Although the PA’s political motives are yet to be fully clarified, its economic motives are less ambiguous, and likely more influential. The Palestinian economy and the PA’s financial position have been severely weakened in 2020 by four interrelated crises: persistent COVID-19 outbreaks, an acute multi-year economic slowdown, declining international aid levels, and disrupted flows of clearance revenues. As a consequence, the unemployment rate has risen to 29 percent, GDP is expected to contract by 8 percent, and the PA’s budget will post an unbridgeable $760 million deficit in 2020. While the COVID-19 pandemic that has compounded Palestinian economic woes was a novel and unforeseeable threat, other economic issues for the Palestinian economy and the PA are all too familiar. And now as always, the PA’s political decisions are driven almost exclusively by economic desperation and dependence.

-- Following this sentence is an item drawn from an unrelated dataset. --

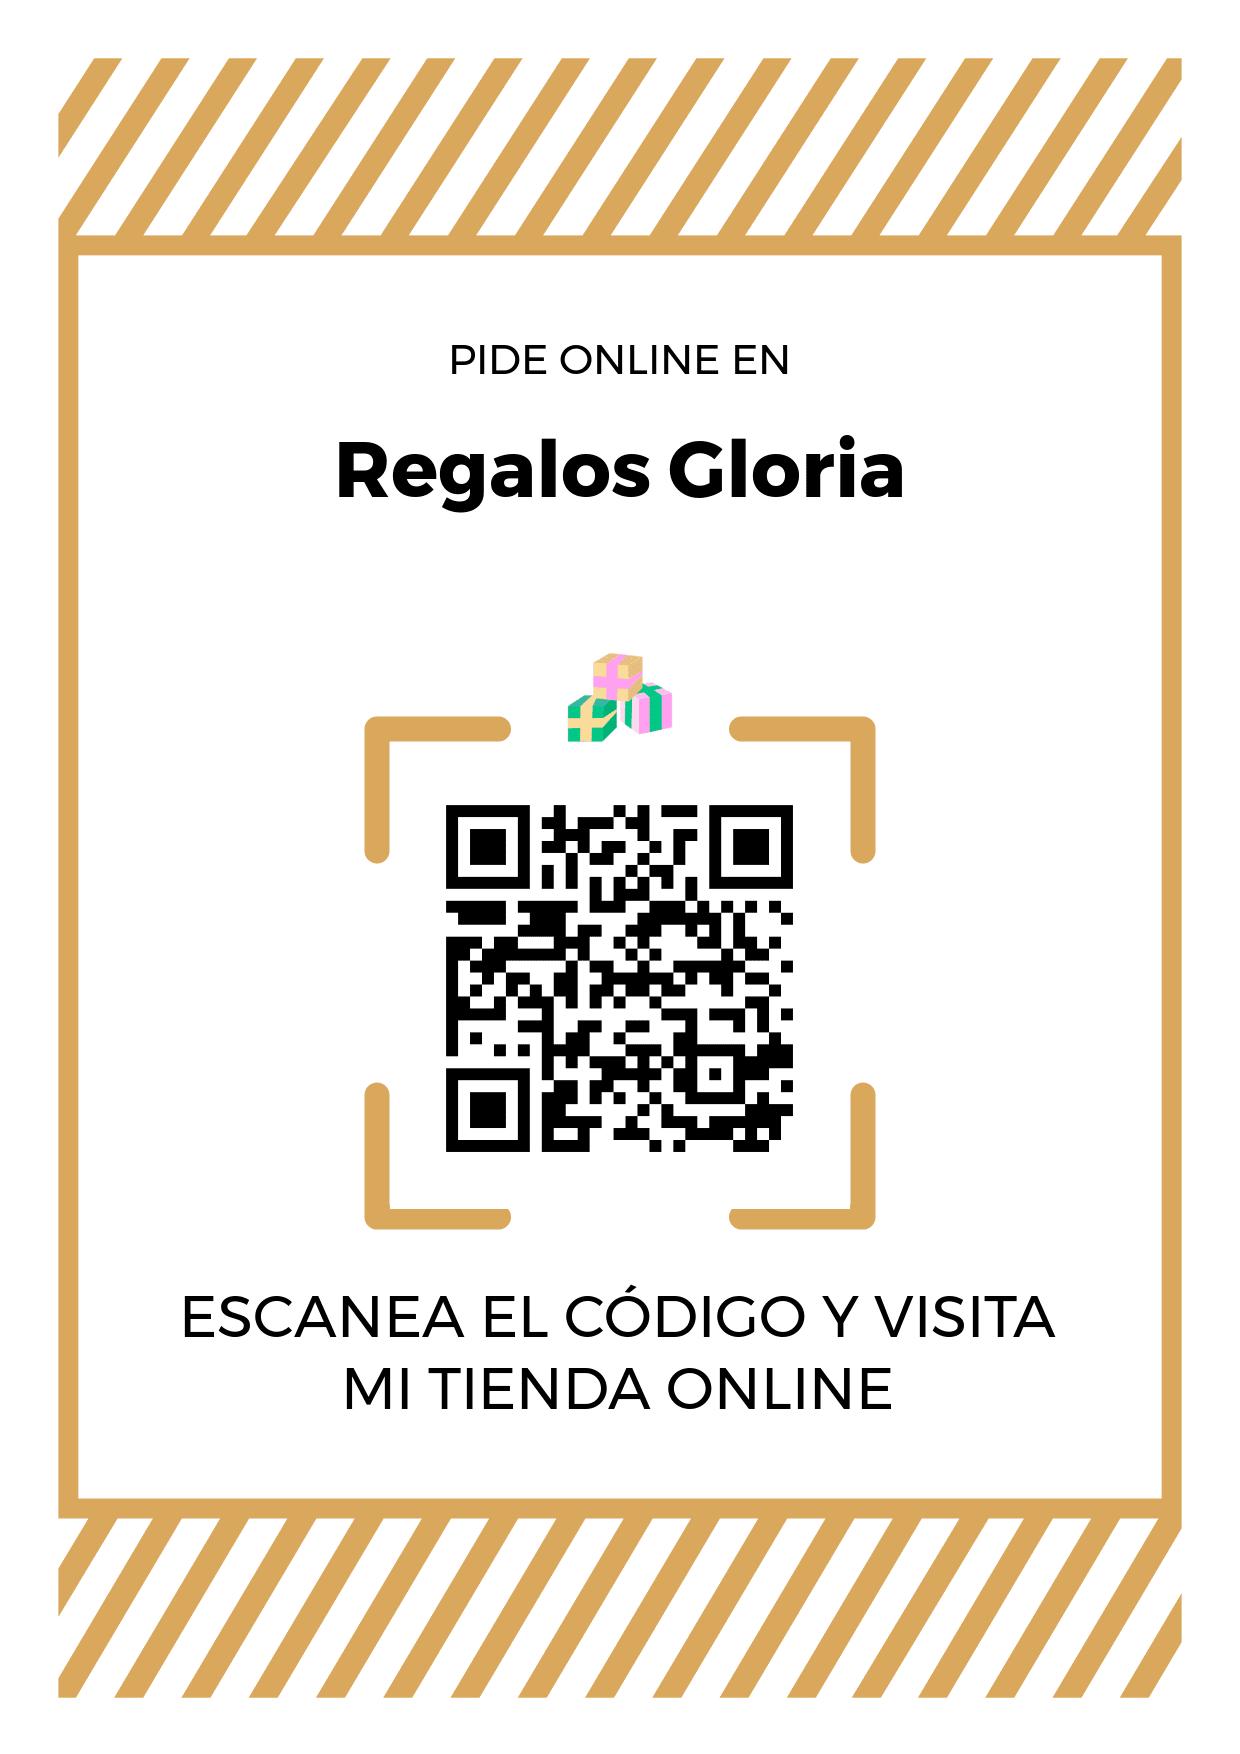 Cartel Póster de Código QR para tienda de Regalos
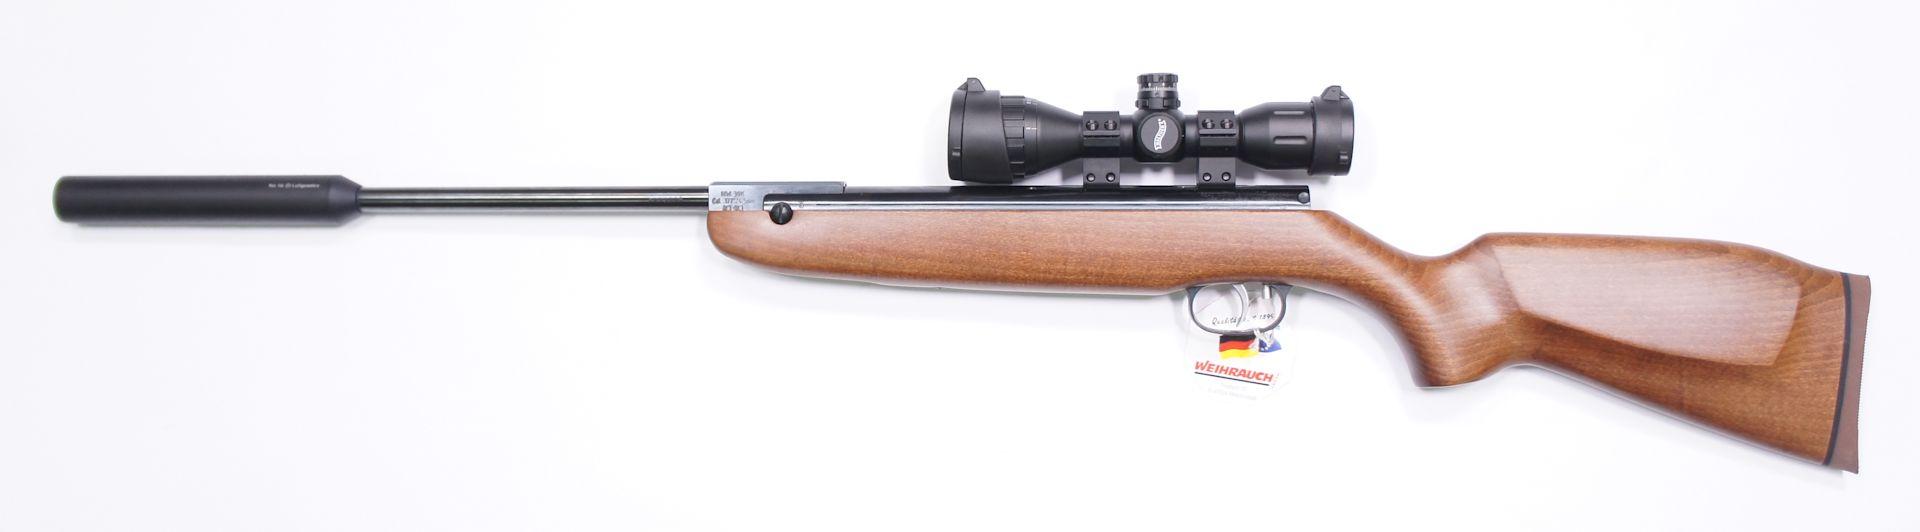 HW 30 S mit Schalldämpfer und Zielfernrohr Walther 4x32 MDC

Oslo’s economic entanglement model

Since 1994, the Palestinian economy and the PA’s finances have been contingent on the political swings and roundabouts in the relationship between the PA on one side and Israel and international donors on the other. The PA’s lack of control over economic and fiscal resources has locked the Palestinian economy and the PA’s financial balance into a perpetual cycle of dependence on financial flows controlled by external actors. The primary reason for this dependence, and hence for the PA’s repeated financial and economic crises, is deeply rooted in the historical fiscal and economic architecture of control engineered by Israel before 1993 and cemented by the Oslo process.

Israeli economic and fiscal policies in the West Bank and Gaza since 1967 have systematically stripped the local economy of its ability to develop or generate domestic sources of income. In 1991, Israel’s defense minister, Moshe Arens, appointed the Sadan Committee to investigate the economic and development conditions of the Palestinian economy. The resulting report highlighted that Israeli economic policy in the West Bank and Gaza was focused on increasing income levels by employing Palestinian laborers in the Israeli market. The report stated that “only rarely did the policy opt for the development of an [Palestinian] infrastructure and the encouragement of the creation of factories and employment.” The Sadan Committee identified that Israeli policy was responsible for creating a Palestinian economy overwhelmingly reliant on external sources of income. Remittances from wage earners, chiefly employed in Israel, contributed 29 percent of Palestinian GNP prior to 1993. This Israeli policy — of increasing Palestinian income levels through employment of Palestinian labor in Israel — has resulted in a segment of Palestinian labor becoming inextricable from the availability of external revenues in the Palestinian economy.

Since the establishment of the PA in 1994, economic ties between the Palestinian and Israeli markets have been shaped by the policy parameters of the Oslo Accords — more specifically, by the Paris Protocol, which instituted a legal framework for Palestinian economic activities and economic relations with Israel and the rest of the world. Within the parameters of the protocol, the PA’s economic policy has focused on the goal of increasing external income to compensate for the lack of domestic economic development. In particular, international aid disbursements, remittance flows from Palestinian laborers in Israel, and clearance revenue transfers have come to define the post-Oslo Palestinian economy and the PA’s financial health.

The World Bank reports that of the $38 billion in aid disbursed between 1994 and 2018, about 48 percent was absorbed by the PA’s budget and represented on average 30 percent of total PA expenditure. International aid has been essential in sustaining the Palestinian economy, contributing almost a quarter of GDP between 1994 and 2018. Remittance flows have played a similar role, supplying 15 percent of GDP in the same period. Another foreign source, clearance revenue, tax collected by Israel that is transferred to the PA on a monthly basis, has likewise become critical to the PA’s budget. Estimated at $2.2 billion annually, it accounts for 65 percent of total PA revenues and covers more than half of PA expenditure.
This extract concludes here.